Consideremos brevemente otra secuencia de fútbol, de orden inverso, en donde el desmadre irrumpe en la cancha para generar el caos que, finalmente, conduce a la victoria en el marcador y cohesiona a la familia. Un jugador entra al partido, tambaleándose como borracho. Se hace pasar por el famoso futbolista apodado “El Carioca”. Pero este farsante —que apenas puede sostenerse— huye despavorido del balón a cada pase. Entonces le llueven pelotazos. Martirizado, resbala sobre un tanque de concreto fresco que, ingeniosamente, convierte su pie en una bota de escayola con la que, rebotando la pelota con fuerza, anota el gol que decide el partido. El premio de la victoria lo acercará con su interés amoroso y le dará la confianza con su futuro suegro. La escena pertenece a El vividor (1956), protagonizada por Germán Valdés “Tin Tan”. El cómico, en este caso, está lejos de tener las funciones del patriarca. Poco le importa salvar a la familia. Y sin embargo, lo logra. El desmadre tiene esa contradicción: operar con una profunda anarquía, violencia incluso, y sin embargo brindarnos cohesión. 

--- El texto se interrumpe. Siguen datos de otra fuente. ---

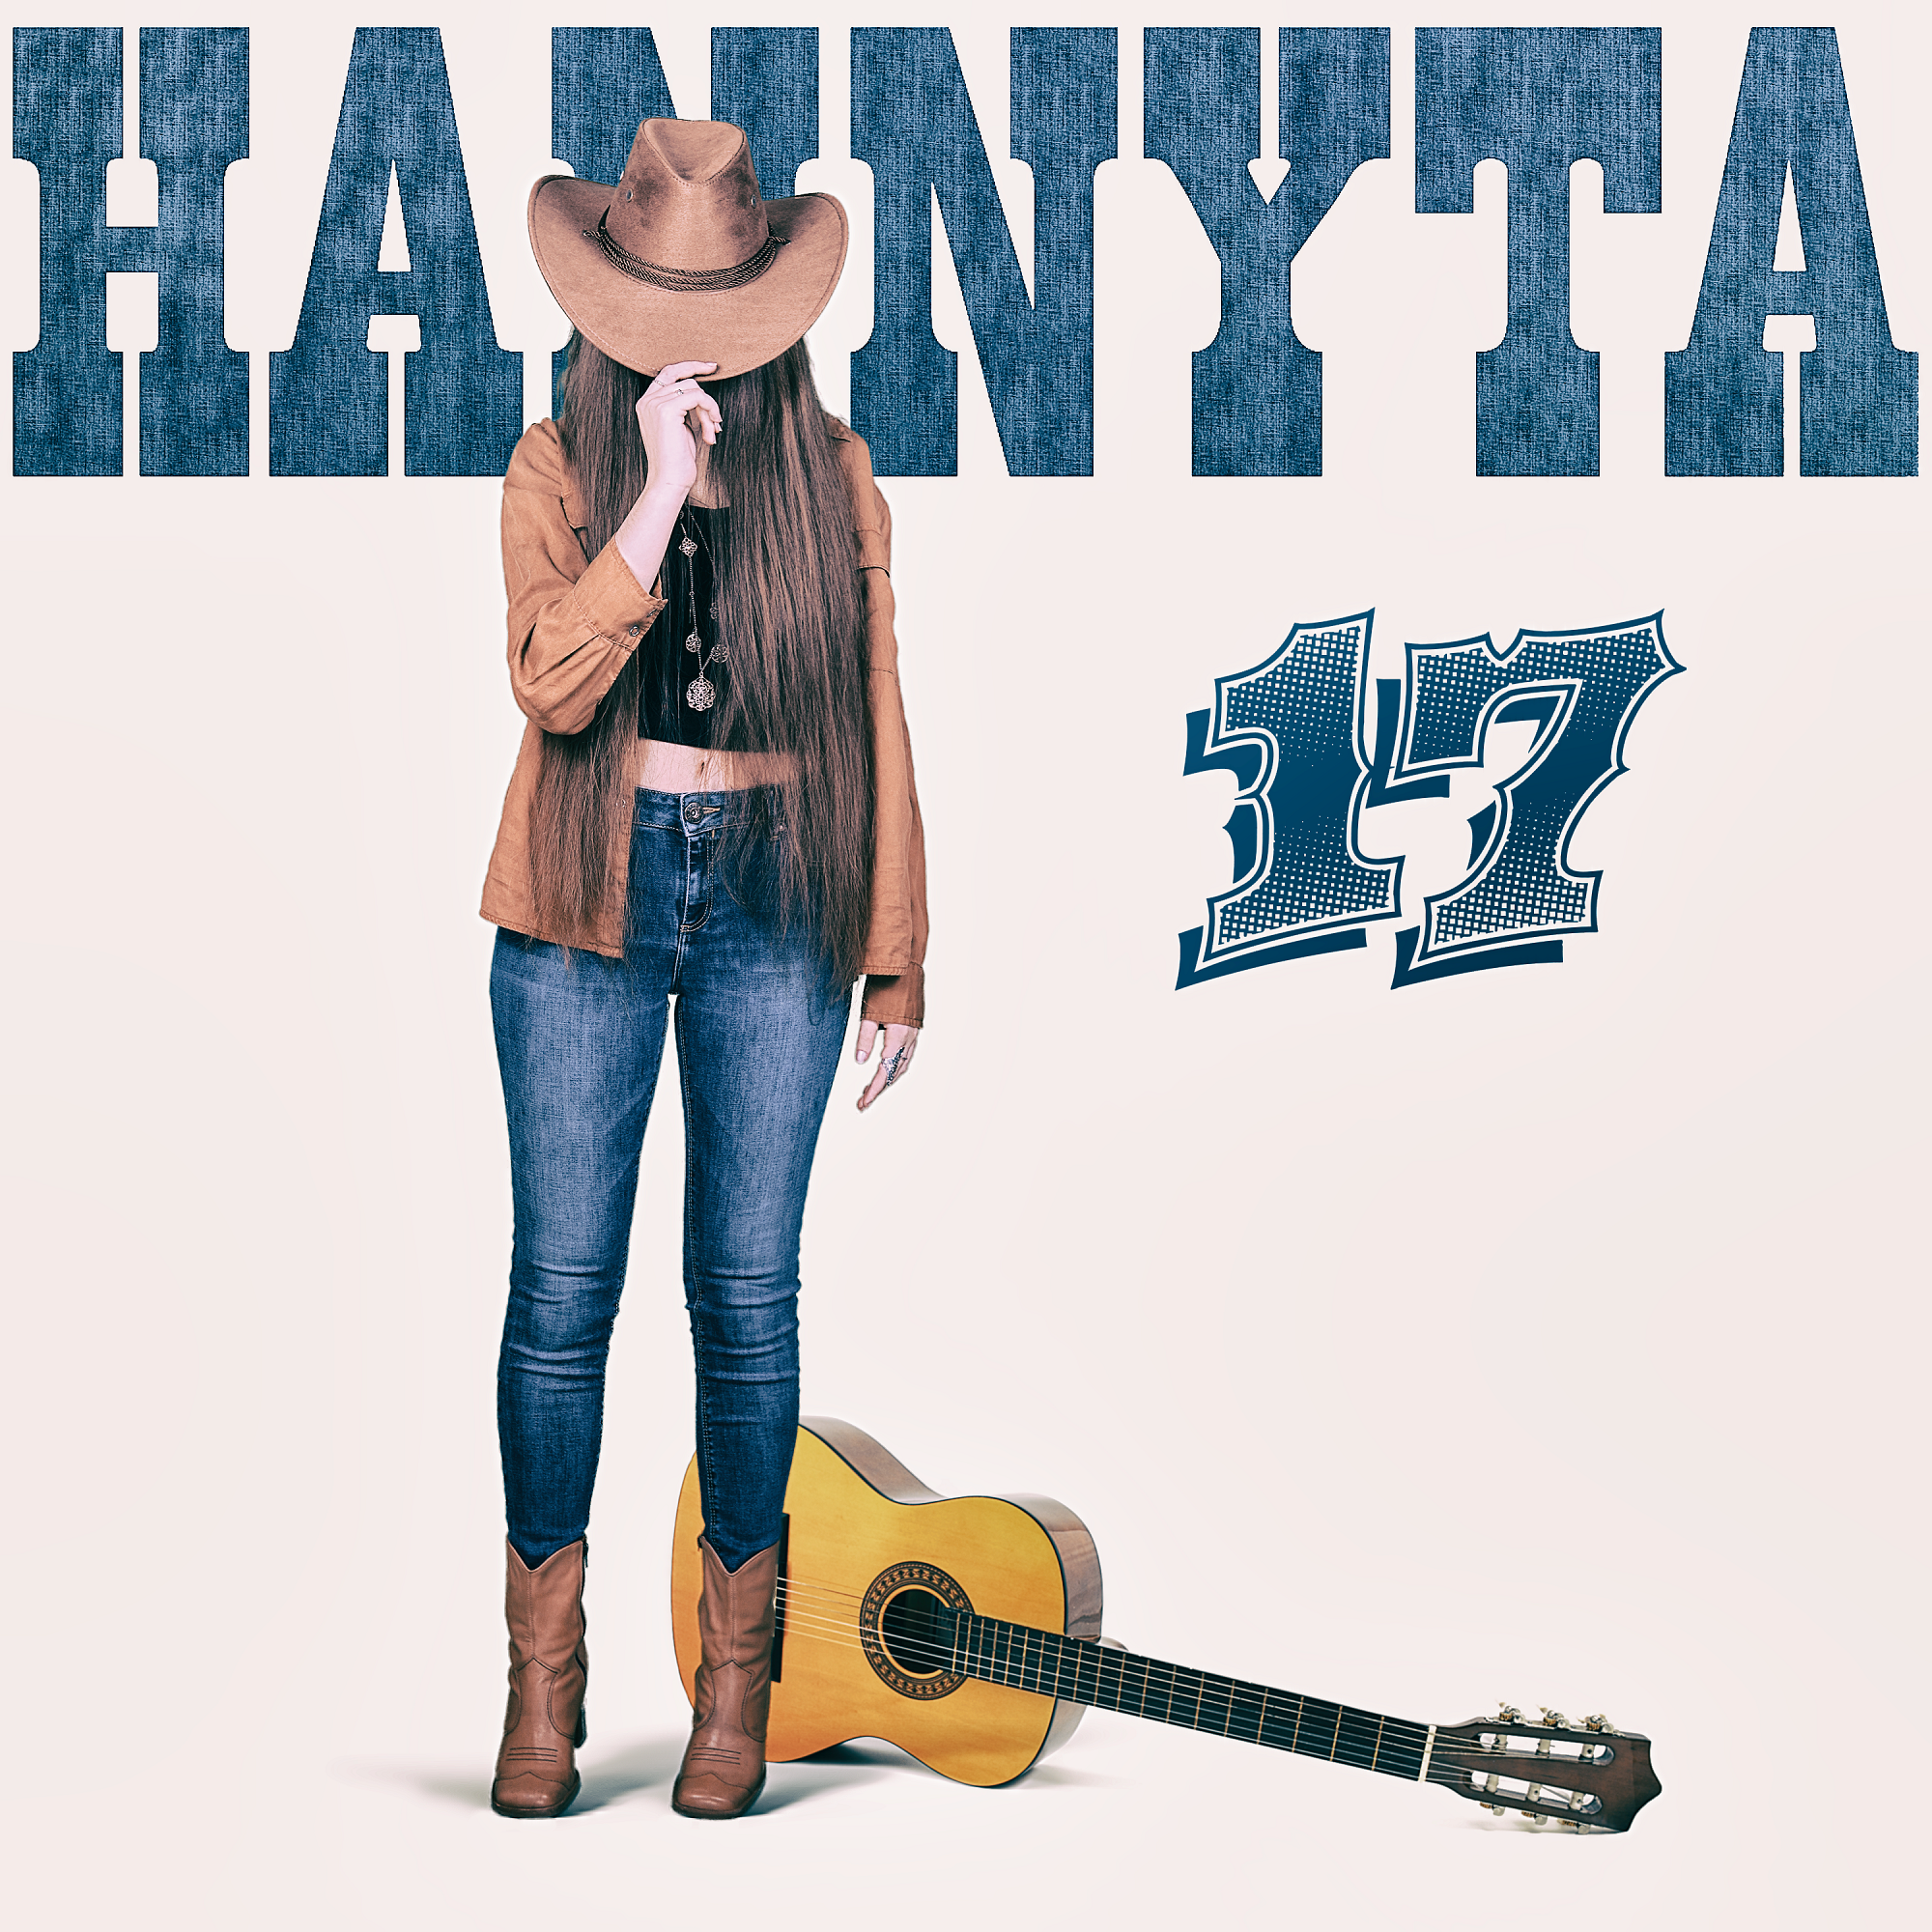 Hannyta – “17” (Houson Boombox Remix)

¿A qué le tiras cuando filmas, mexicano? El fútbol será en el cine nacional un fértil terreno de juego para disputar las complejidades del carácter tricolor. Ritual de entrega para contender por la unión familiar. Graderío multitudinario de tensiones sociales. Disparo de galantería y consecuentes rubores. Pista de baile para el carismático hombre de barrio. Palco de honor para intereses corporativos, jugadas de mercado y cameos estelares. Banquillo para los distintos tonos de la misoginia. Moneda en el aire entre la línea de gol y la resignación derrotista. Altavoz emocional de frecuencias radiofónicas, televisivas y galácticas. Tanda de penales para definir el orgullo identitario. Escala de planos del relajo colectivo. ¿Y dónde colocar la cámara en ese instante? Cuando la piel encrespada recuerda el oleaje de una multitud, agitada ante el vértigo de la catástrofe o el milagro.

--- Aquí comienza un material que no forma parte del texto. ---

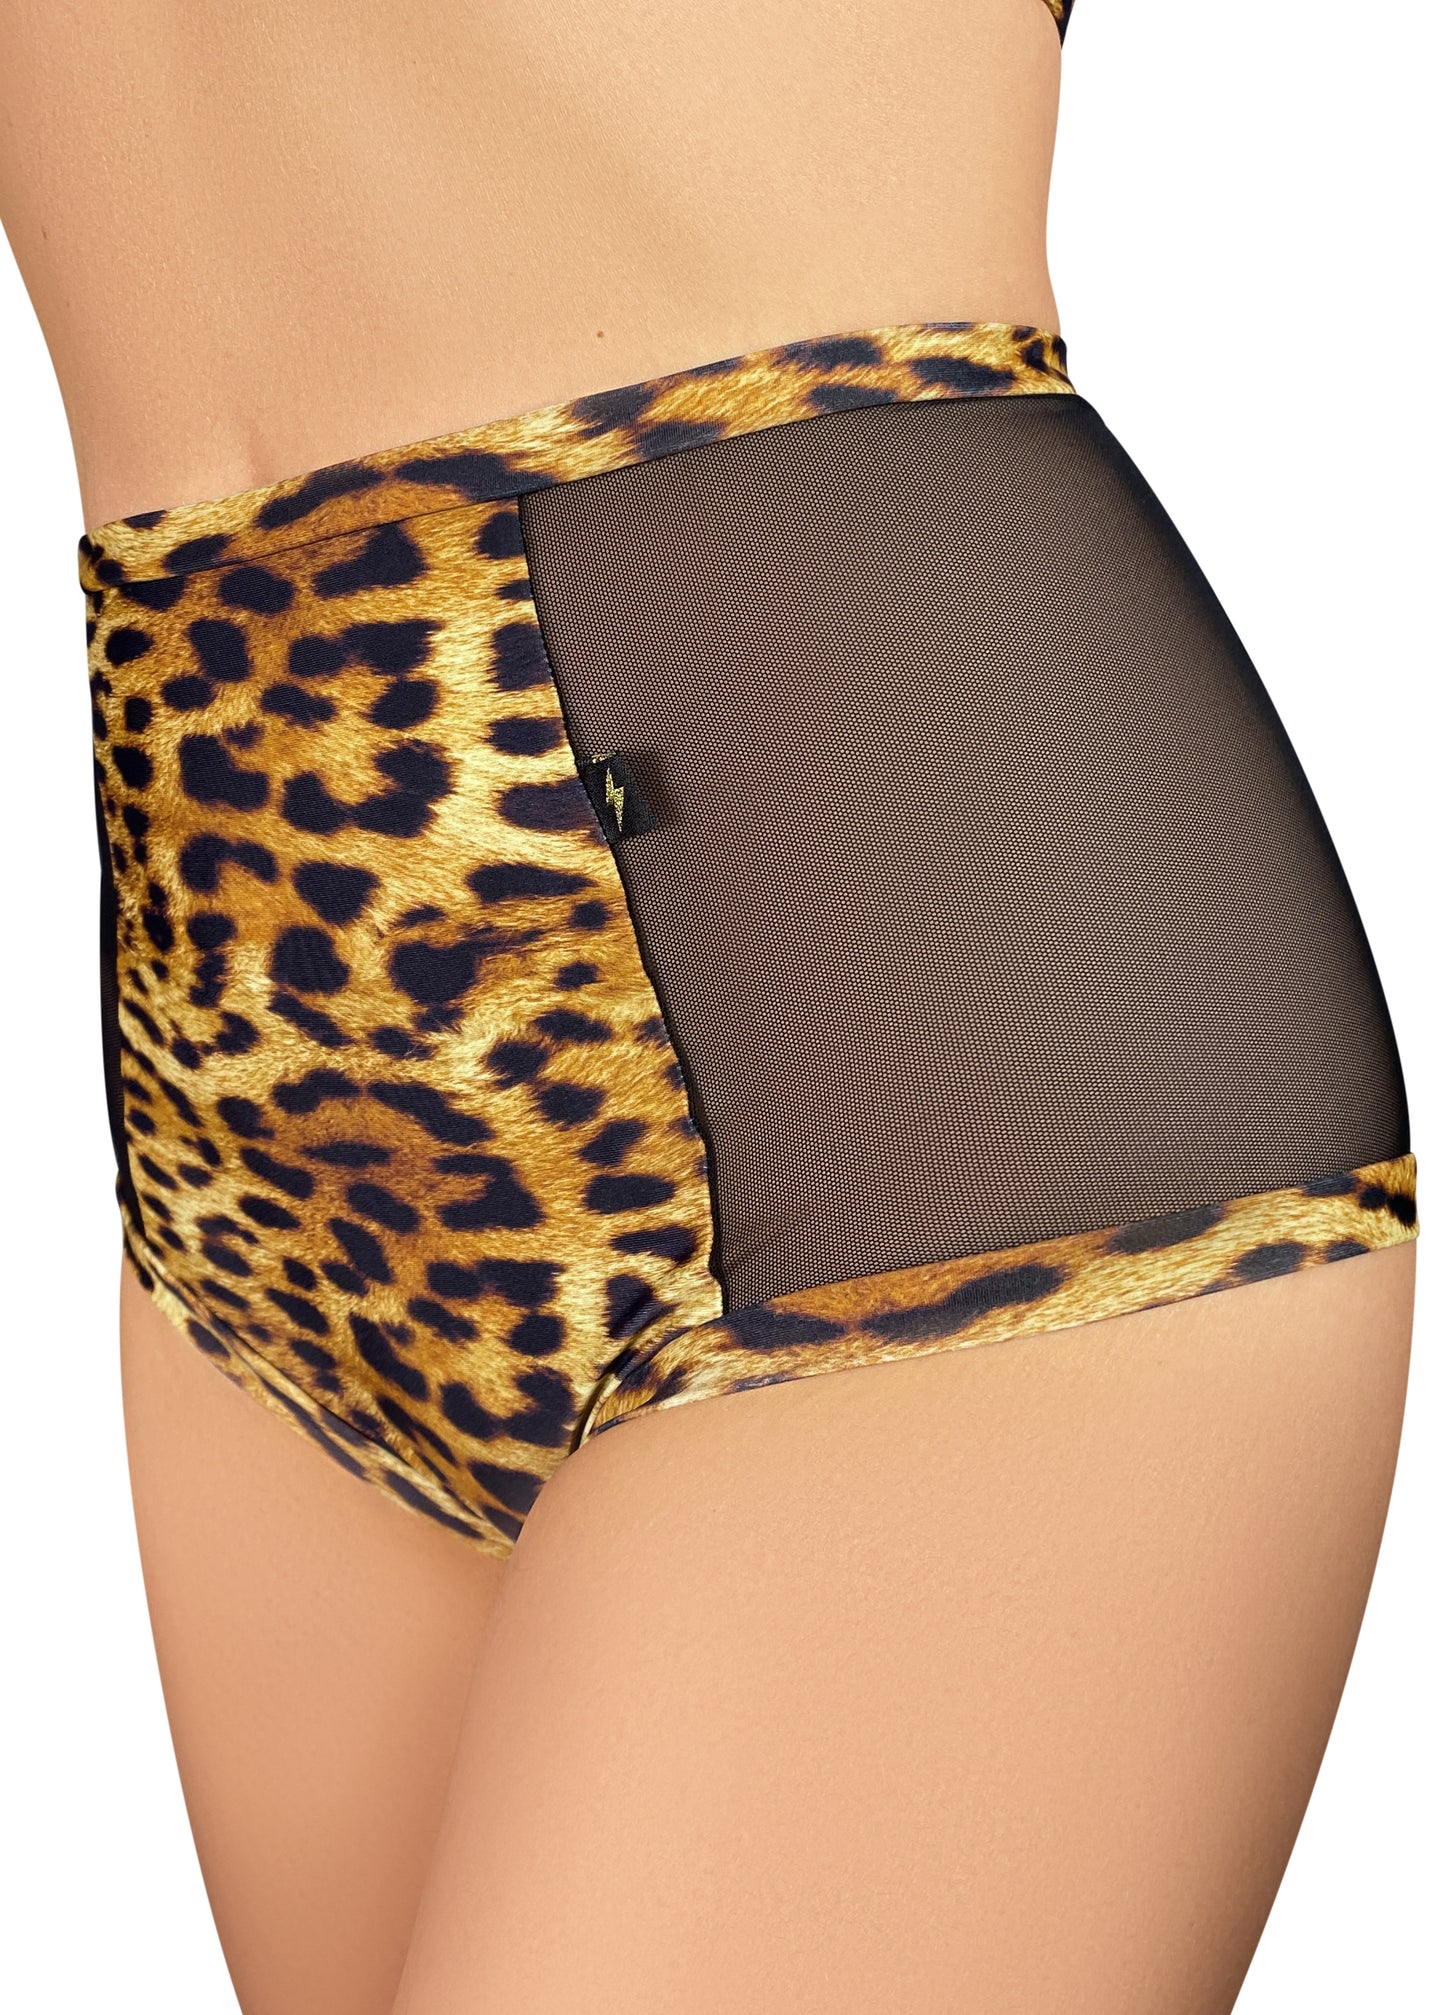 Anima Print Tan Leopard Scrunch Butt Leggings Nylon Spandex

En los polos del desmadre, el patriarca debe estar dispuesto a propinar golpes. Mientras que el cómico debe estar dispuesto a recibirlos. Motivos, claro, que apelan a lo varonil y masculino. En la actualidad, el tirano patriarca no es una preocupación del cine mexicano. Tampoco se le extraña. Reivindiquemos el desmadre como motivo de nuestra filmografía. Perderlo nos priva de importantes expresiones del gozo.

Revisen aquí una lista con las películas mexicanas relativas al fútbol, elaborada por Marcos González.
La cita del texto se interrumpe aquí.